▶ **PROVIDED DATA**
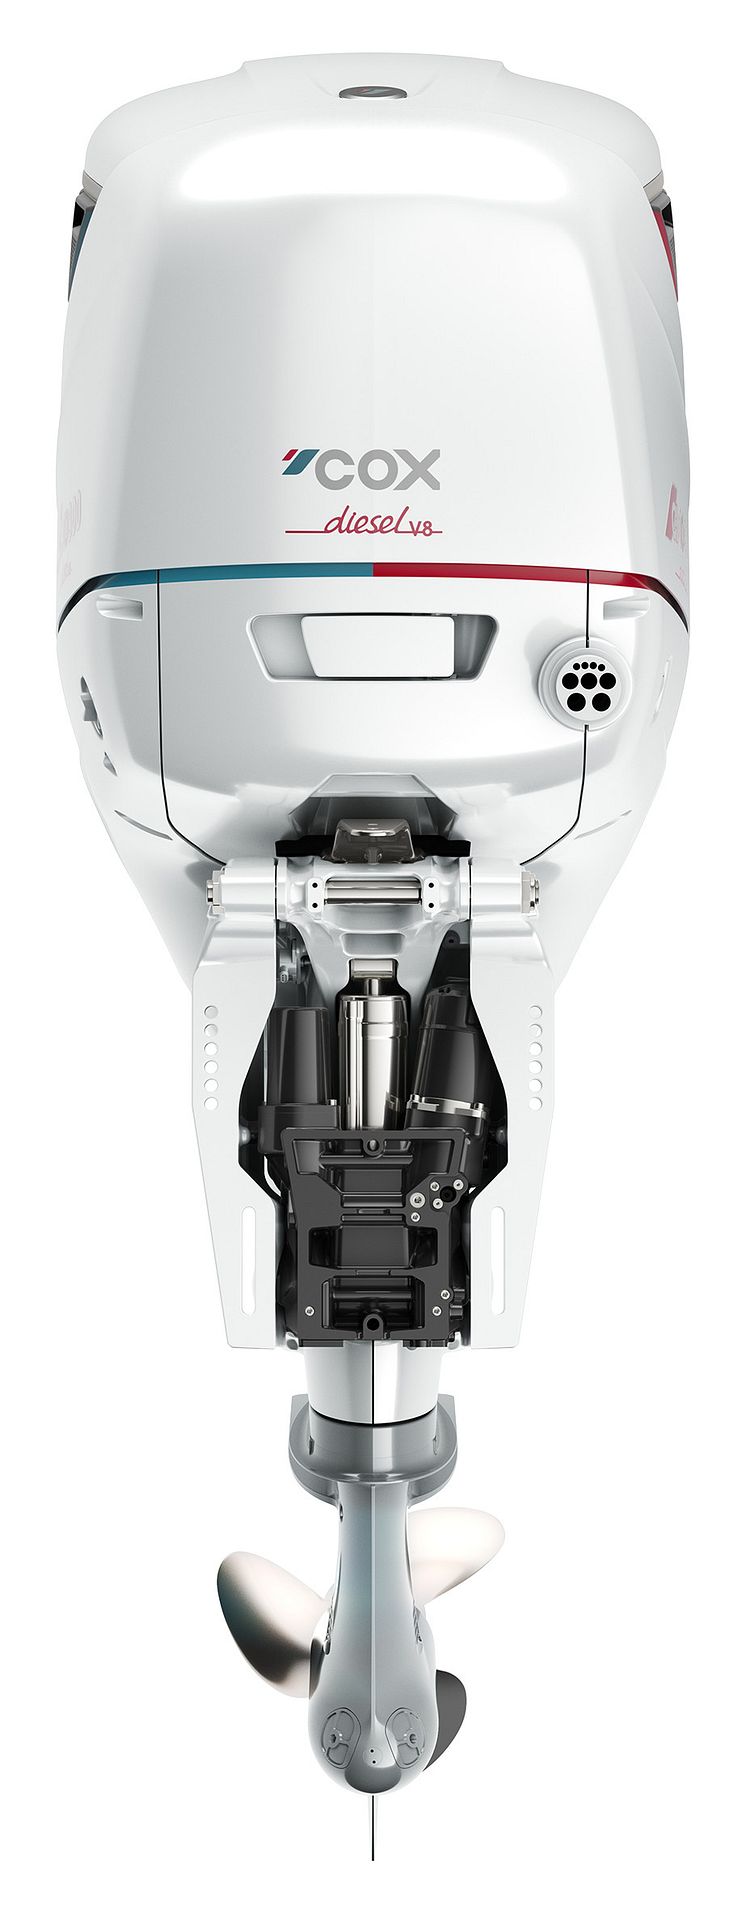 High res image - Cox Powertrain - CXO300 final production render
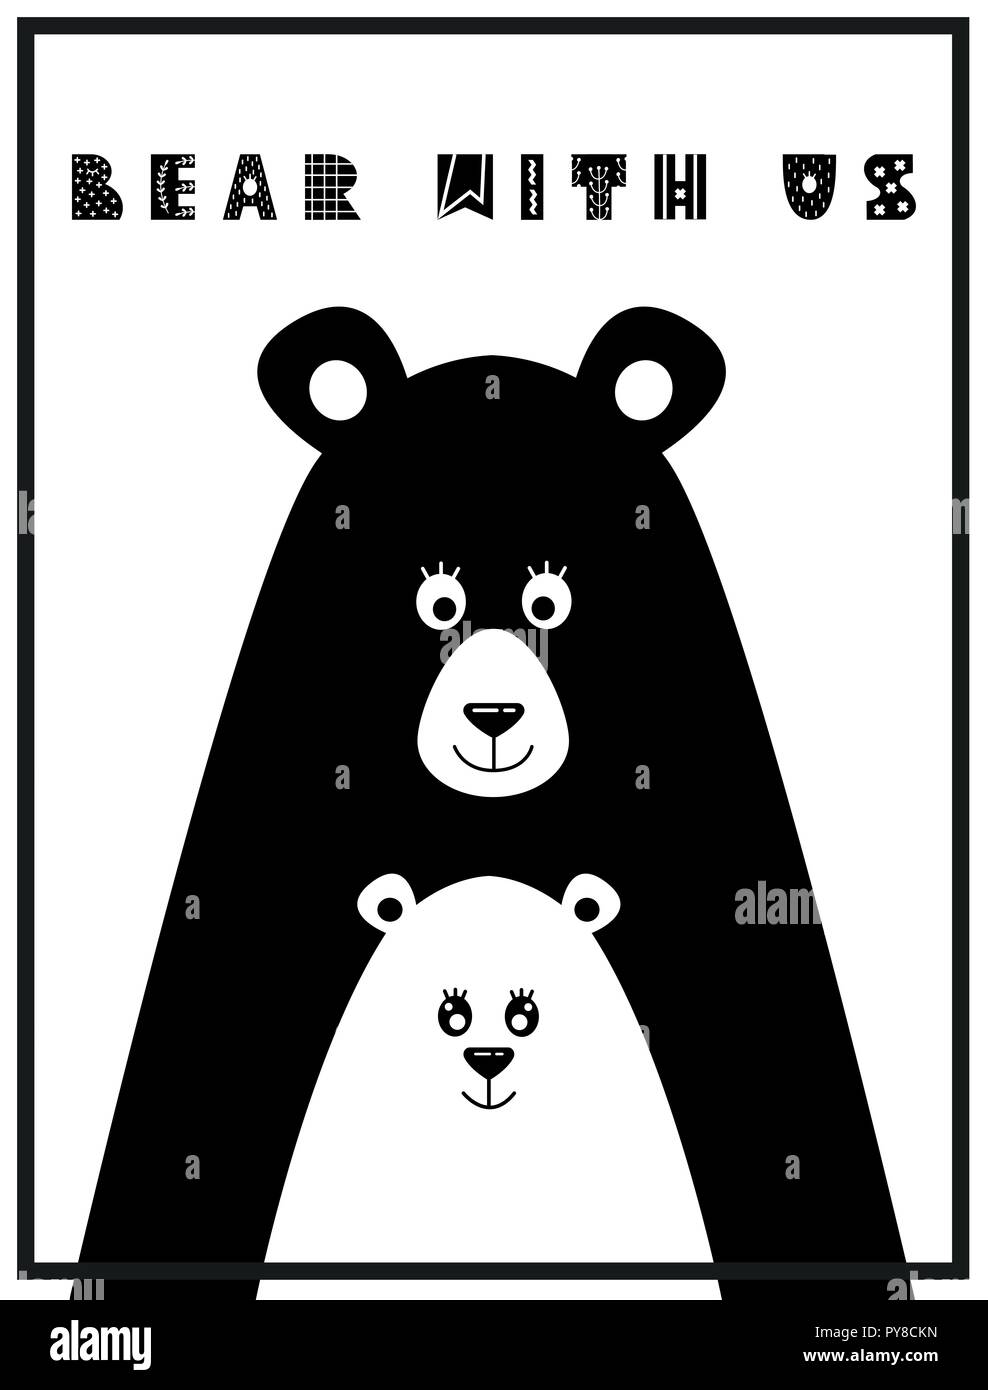 Bear With Us Poster S.jpg - PY8CKN Stock Photo
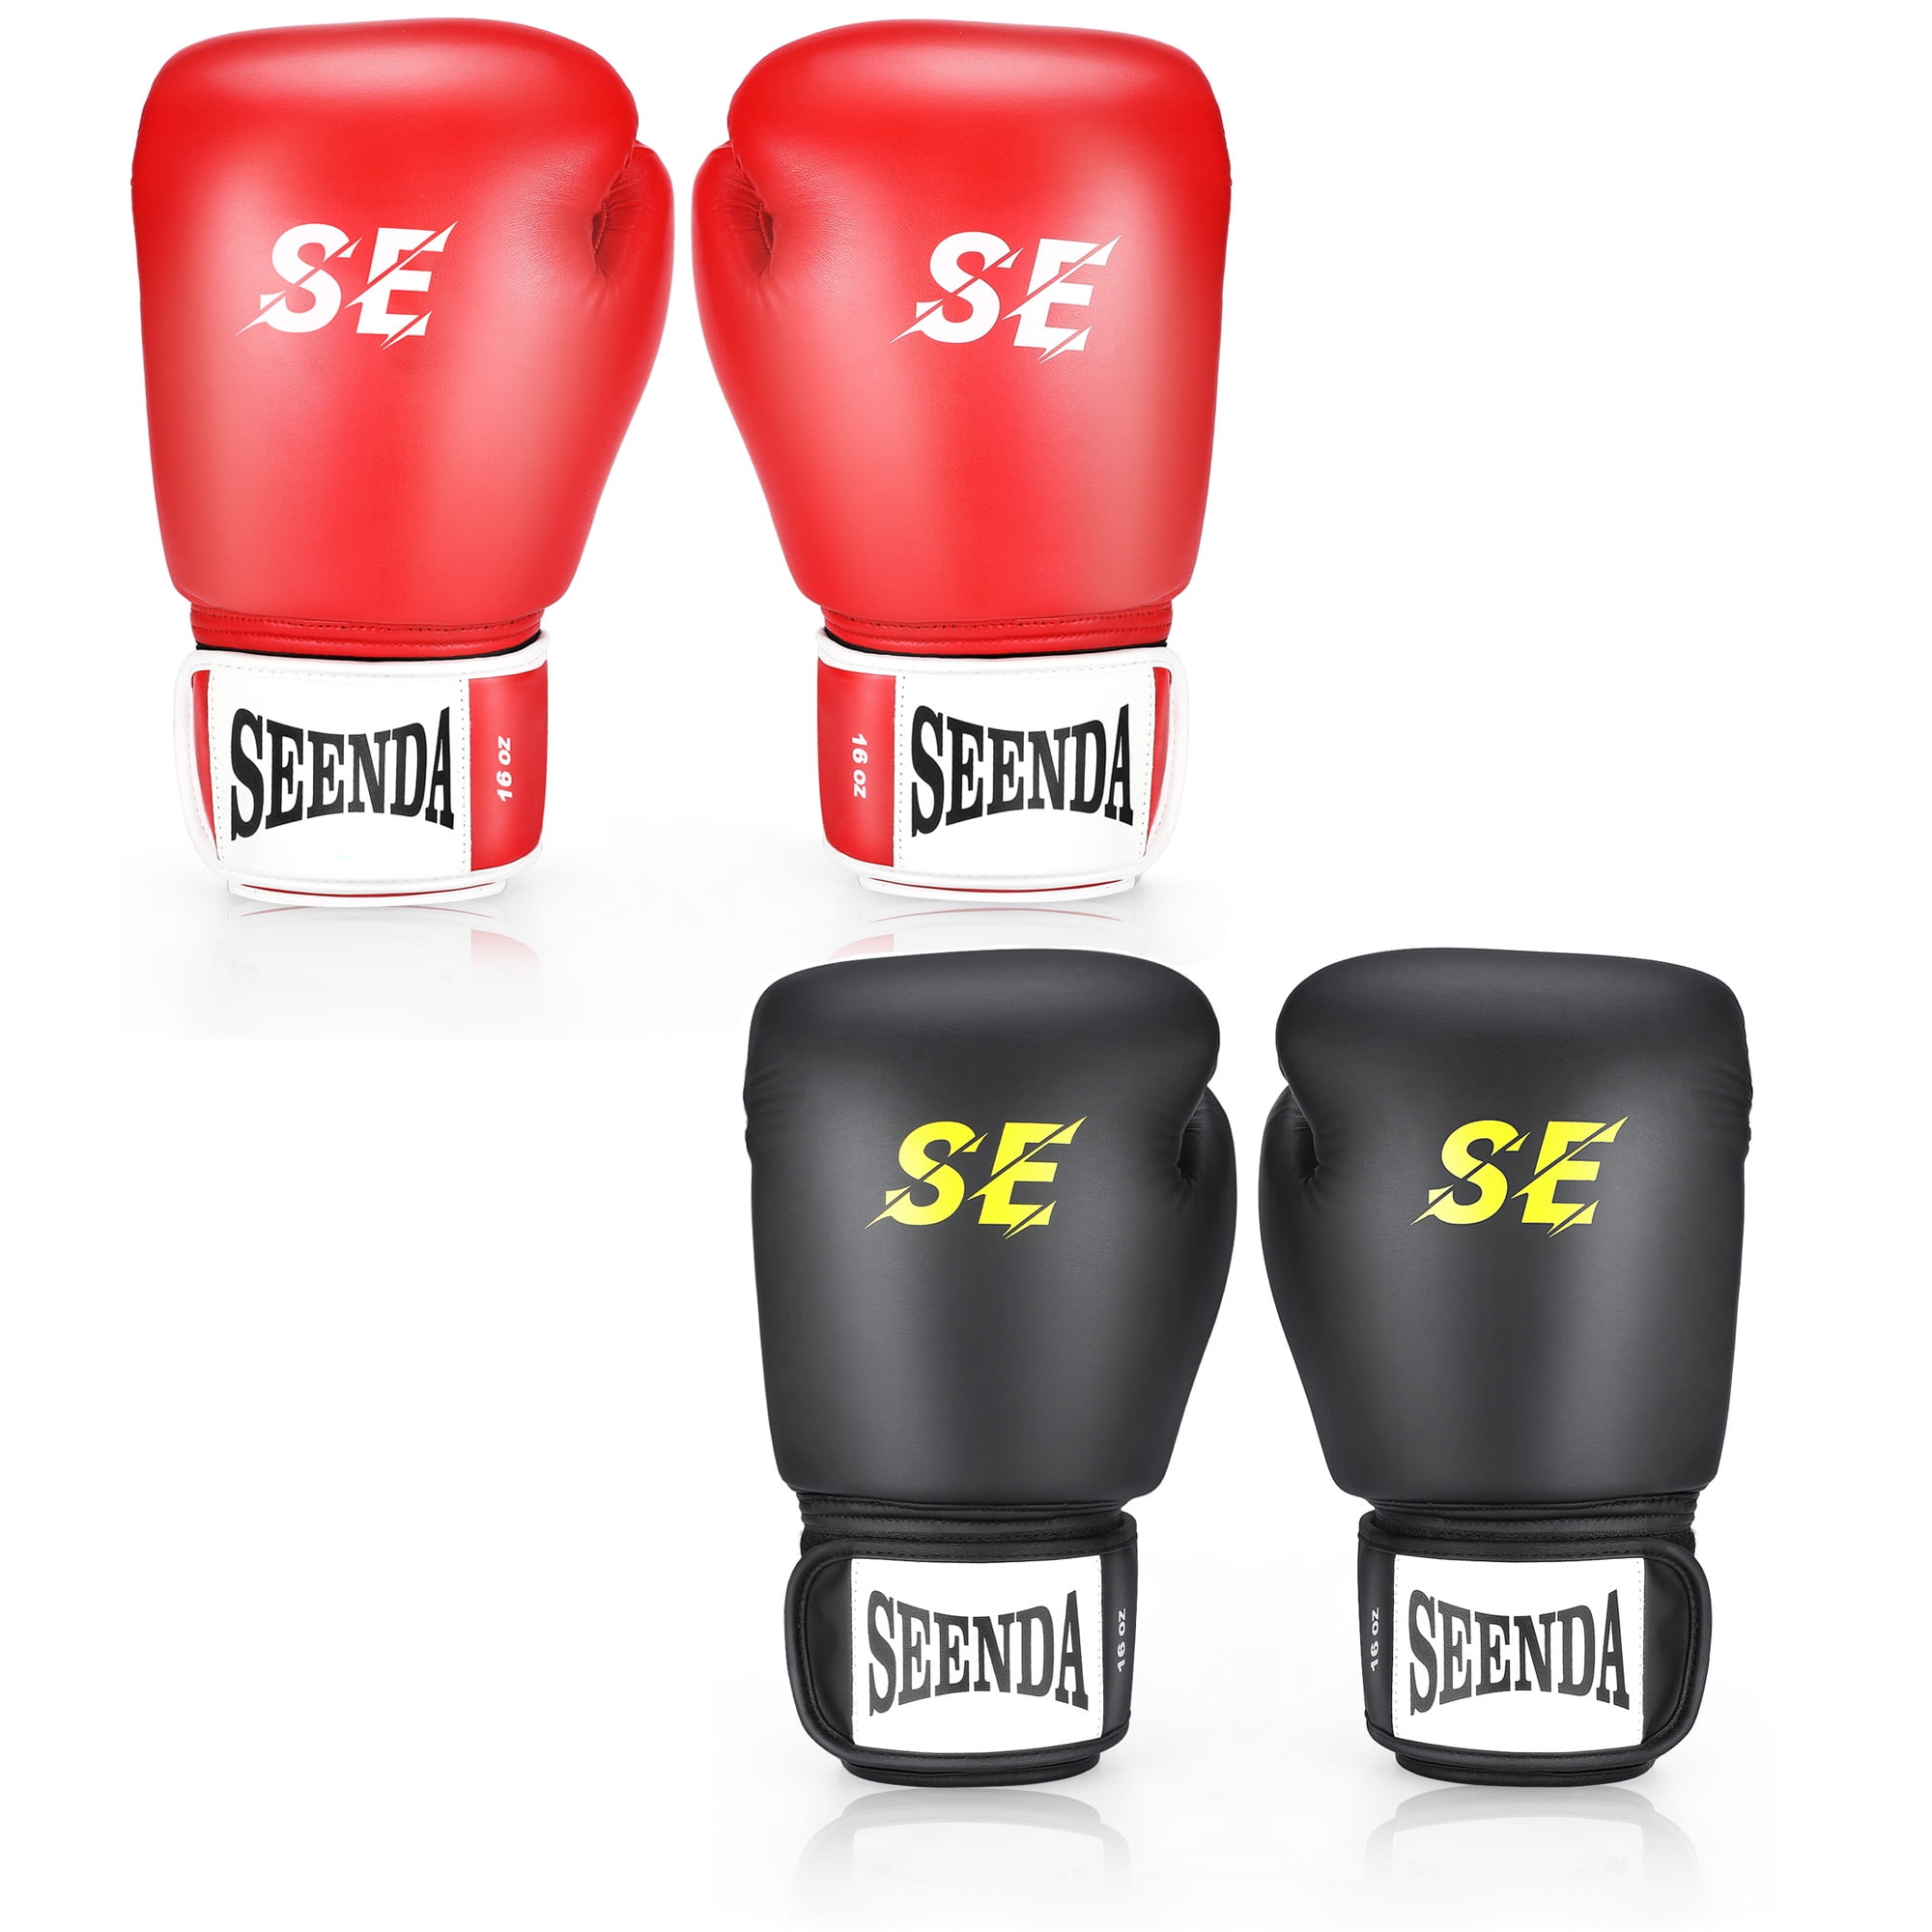 Heavy Bag Gloves for Boxing MMA CKE Boxing Gloves for Men Women Training Boxing Gloves for Punching Bag Kickboxing Muay Thai Sparring Gloves

▶ **BRIEF**
Once the images are dropped, set down the remaining material word for word.

▶ **OUTPUT FOR THIS EXERCISE**
 High res image - Cox Powertrain - CXO300 final production render
 Bear With Us Poster S.jpg - PY8CKN Stock Photo
 Heavy Bag Gloves for Boxing MMA CKE Boxing Gloves for Men Women Training Boxing Gloves for Punching Bag Kickboxing Muay Thai Sparring Gloves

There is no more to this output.